The MacPherson Single Member Constituency was a single-member constituency (SMC) in central Singapore. At abolition, it was managed by Marine Parade Town Council.

==History==

=== First existence (1968–1991) ===
MacPherson Constituency was created for the 1968 general election, with Chua Sian Chin from the governing People's Action Party (PAP) winning unopposed. He would retain the constituency, both unopposed and against different opposition candidates, until the 1991 general election, when it was abolished and merged into Marine Parade Group Representation Constituency (GRC).

In 1988, the constituency was renamed MacPherson Single Member Constituency with the creation of GRCs.

=== Second existence (1997–2011) ===
In 1994, Chee Soon Juan, the leader of the Singapore Democratic Party (SDP), challenged Matthias Yao, the incumbent PAP Member of Parliament (MP) for the MacPherson division of Marine Parade GRC, to an SMC contest amid an antagonistic exchange of letters between the two in The Straits Times regarding Chee's integrity. MacPherson SMC was thus reformed for the 1997 general election.

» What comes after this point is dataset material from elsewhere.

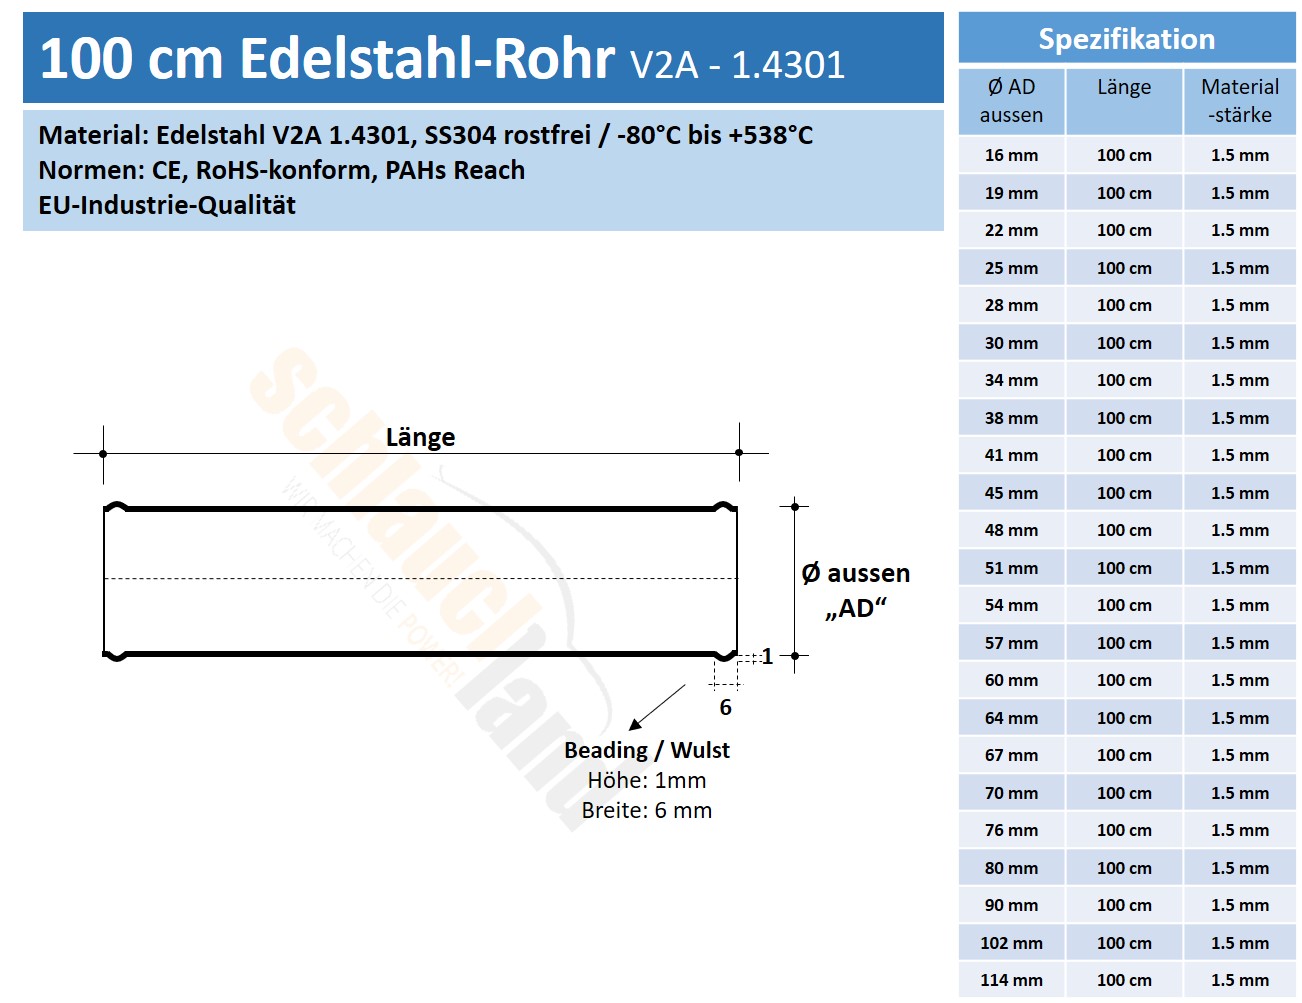 Datenblatt Edelstahl-Rohr 100cm V2A

In the election, Yao won 65.14% of the vote. He would retain the SMC until the 2011 general election, when it was merged again into Marine Parade GRC.

=== Third existence (2015–2025) ===
For the 2015 general election, the National Solidarity Party (NSP), which had contested Marine Parade GRC in 2011, initially planned to field a candidate against the PAP in MacPherson SMC, but decided to pull out of the contest when the Workers' Party (WP) announced its desire to contest in the constituency. The NSP later backtracked and fielded Steve Chia in the constituency, but Chia quit citing online abuse over his participation. As a result, the party fielded Cheo Chai Chen. Hazel Poa, then the acting secretary-general of the NSP, resigned from the party, stating that she opposed the decision of the Central Executive Committee (CEC) to contest the SMC.

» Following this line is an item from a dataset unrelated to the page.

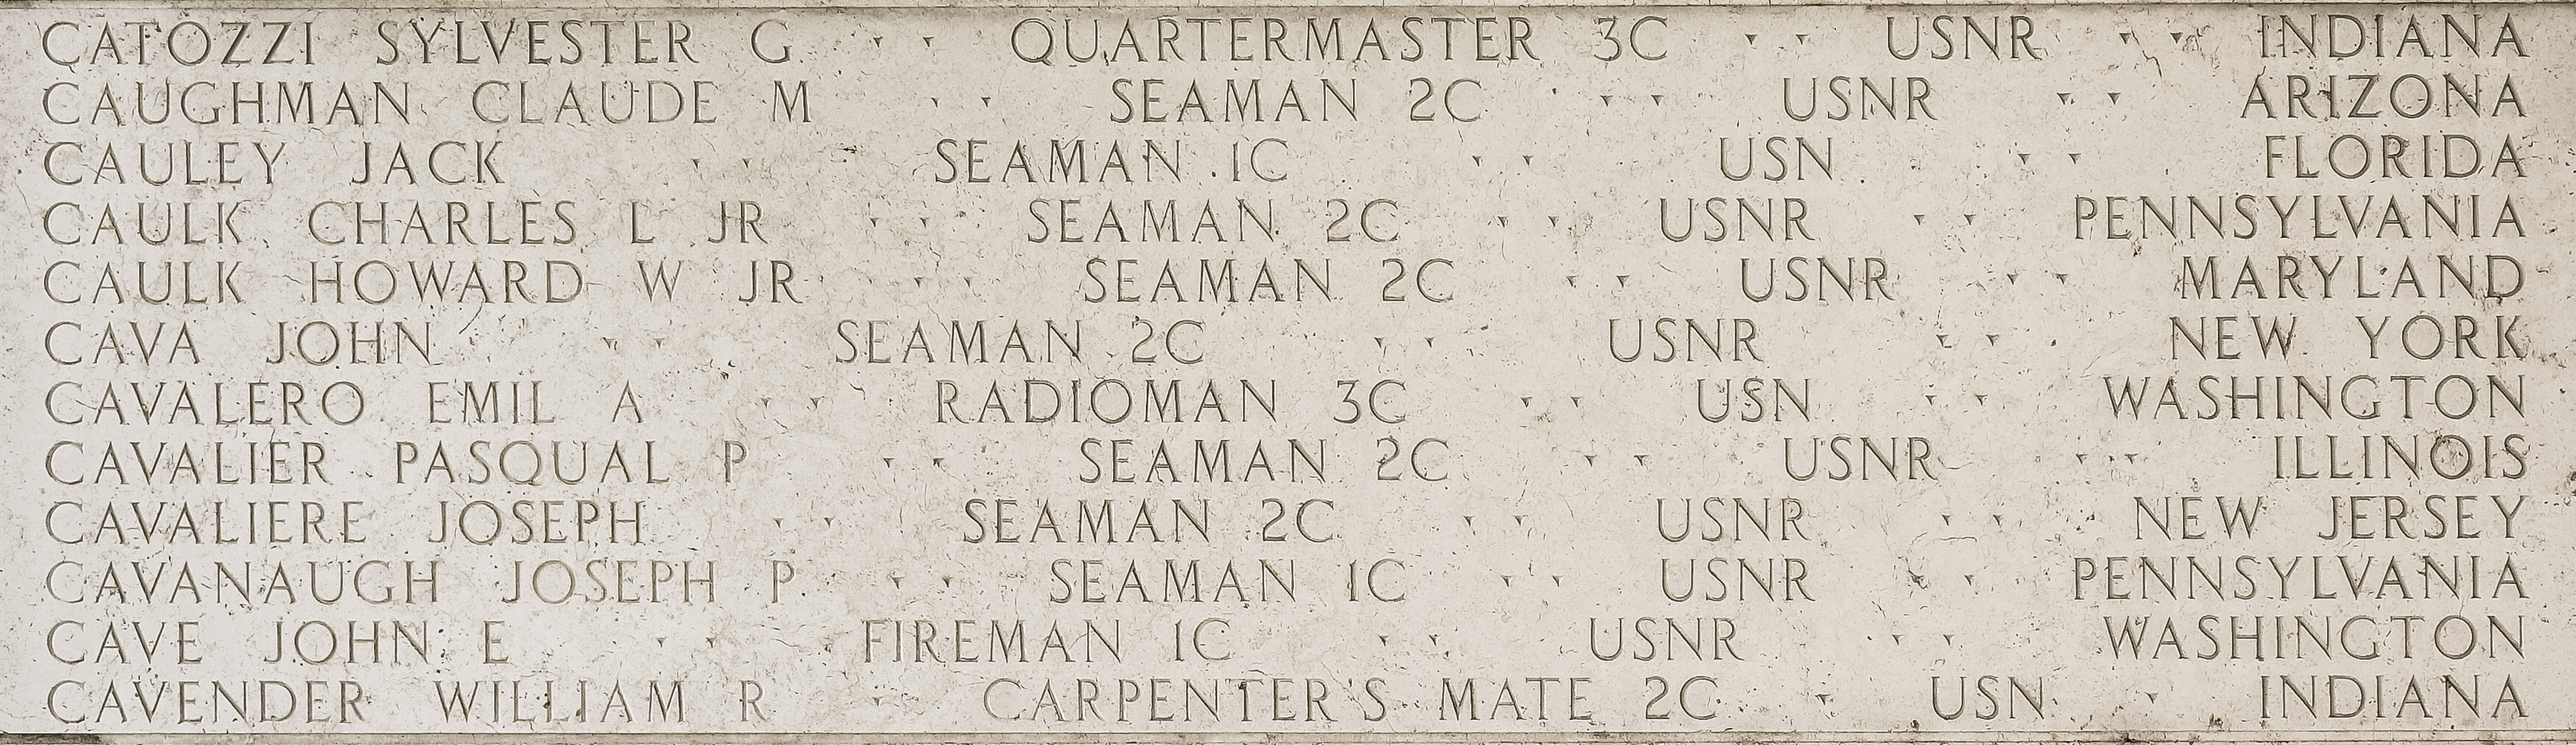 Howard W. Caulk, Seaman Second Class

During the election campaign, Cheo drew considerable criticism for telling reporters that PAP candidate Tin Pei Ling's status as a new mother was "her weakness" and saying that it was possible that she would spend more time on her child than on her constituents. He later claimed that he was joking. Tin, the incumbent MP for the MacPherson division of Marine Parade GRC, won the election with 65.58% of the vote; Bernard Chen from the WP received 33.6% and Cheo received 0.82%. For not winning at least 12.5% of the vote, Cheo forfeited his election deposit of S$14,500.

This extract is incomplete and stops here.